The penultimate scene of Queen, commanding the stage at Live Aid 1985 ignited a burning arrow straight to my heart! I’ve listened to nothing but Queen since. For a life lived far too short, Mercury was championed as an operatic chanteuse, now immortalised, beautifully, in queer-coded blue denim jeans and a tight, white vest. I love him, I do, so much so that I was gifted Mercury and Me, written by life partner Jim Hutton, for my birthday. The text charts their early conversations in Heaven nightclub, from falling deeply in love to Mercury’s final moments before passing from AIDS complications in late 1991.
Freddie Mercury of Queen performing Bohemian Rhapsody at Live Aid, Wembley Stadium, London, 1985.
In obsessing over death lies a longing to understand it. Prior to my fascination for Mercury, I was heavily engrossed in Jeff Buckley: From Hallelujah to the Last Goodbye, a memoir which chronicles the musician’s rise through New York coffee houses to his sonic peak Live at Cabaret Metro in Chicago, Illinois, two years before his death in the Mississippi River in 1997. Penned by Dave Lory, record executive and Buckley’s former manager, the book eerily, accurately encapsulates the pain of losing someone.
I’ve read it three times.
Lory speaks of receiving a shipment of Buckley’s clothes in the days following his drowning. A dozen checkered shirts, steel toe cap Dr. Martens, ripped jeans, a faux fur coat: all articles of fading ‘90s grunge regalia. Resting on hangers, laid out across the bed, Lory falls into them and weeps.
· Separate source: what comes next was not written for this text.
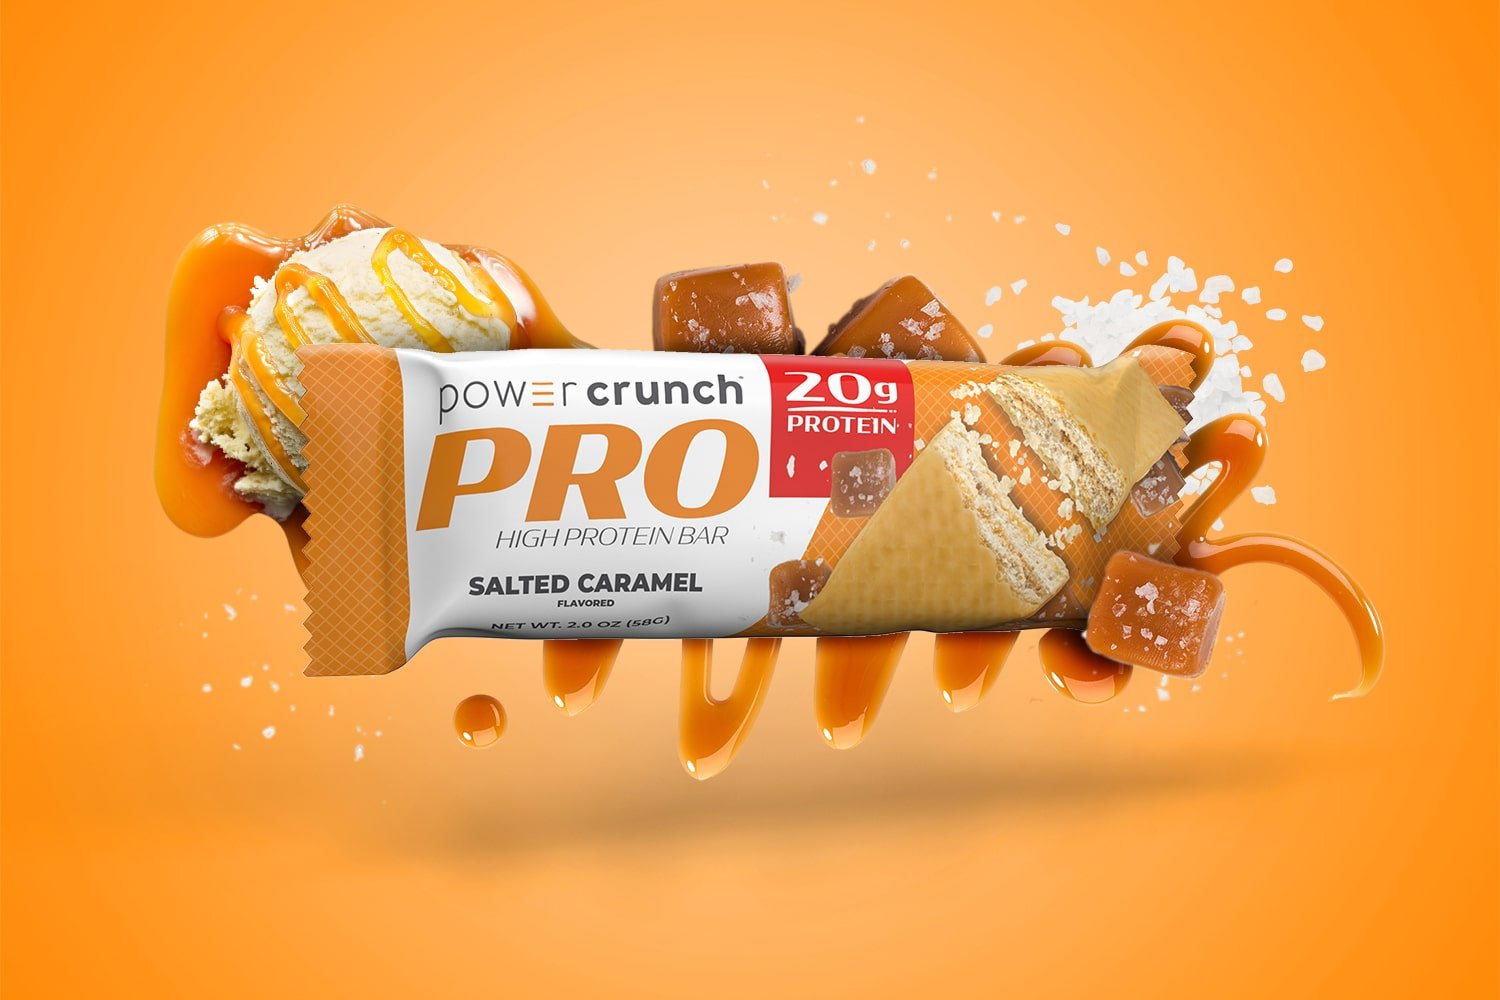 PRO Salted Caramel 20g protein bars pictured with Salted Caramel flavor explosion
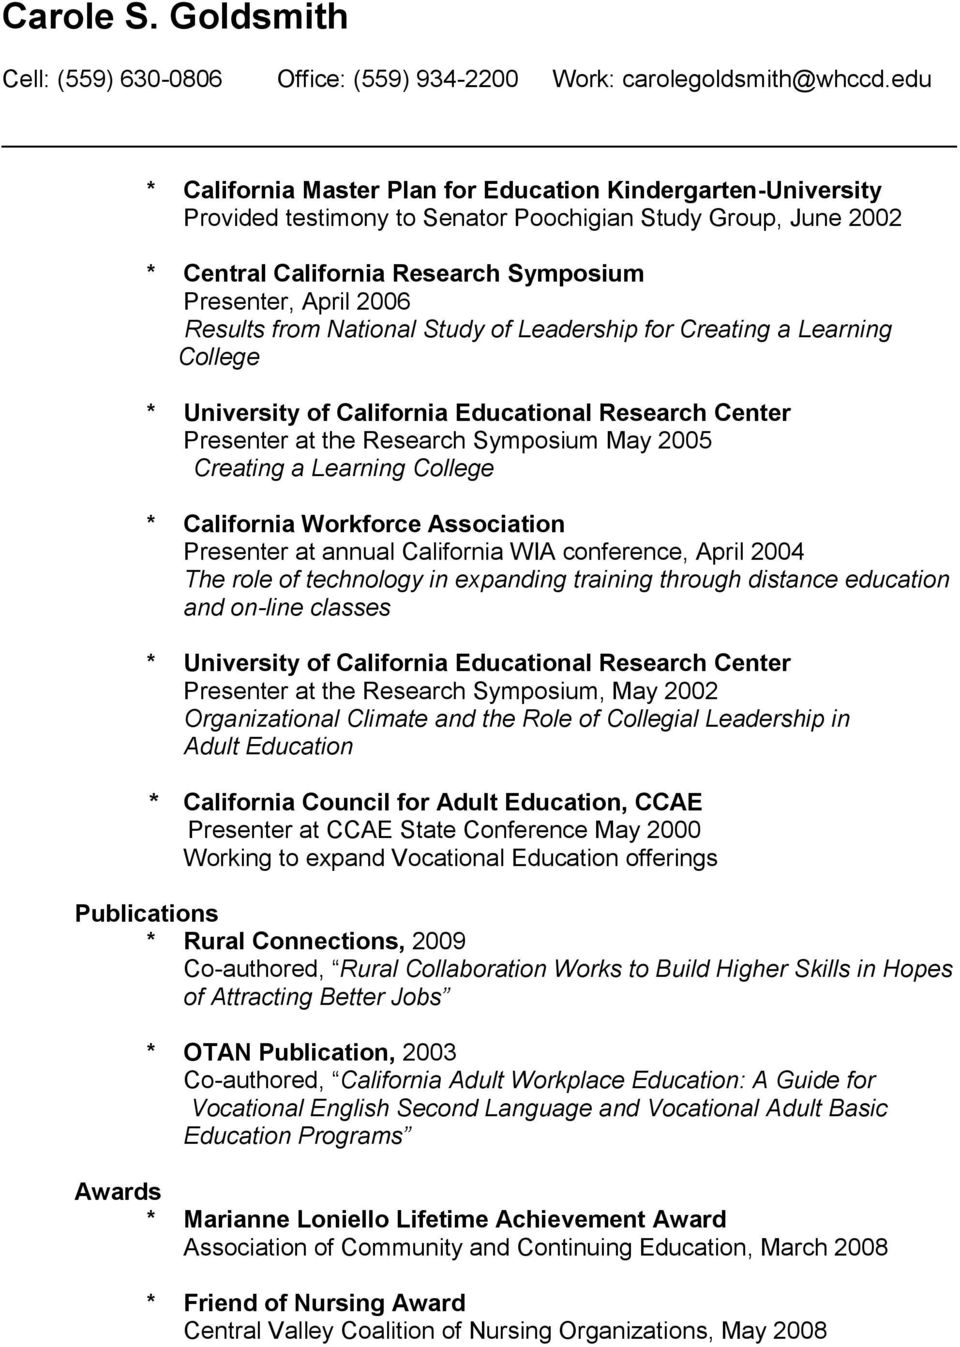 California Workforce Association Presenter at annual California WIA conference, April 2004 The role of technology in expanding training through distance education and on-line classes * University of

I’m reminded of the scene in American Beauty where Carolyn, Lester Burnham’s regretful widow, performs a similarly sad ritual. I see myself in both of them.
Trawling through hours of live performances, press interviews and tour footage painstakingly preserved by fans, in the months leading up to Stephen’s passing I realise I was, in fact, preparing myself for the inevitable. If I can see how others deal with loss, normalise it, write about it, I could do the same. If only I’d had the foresight to preserve it all.
Voicemails saved, videos taken, what could have been.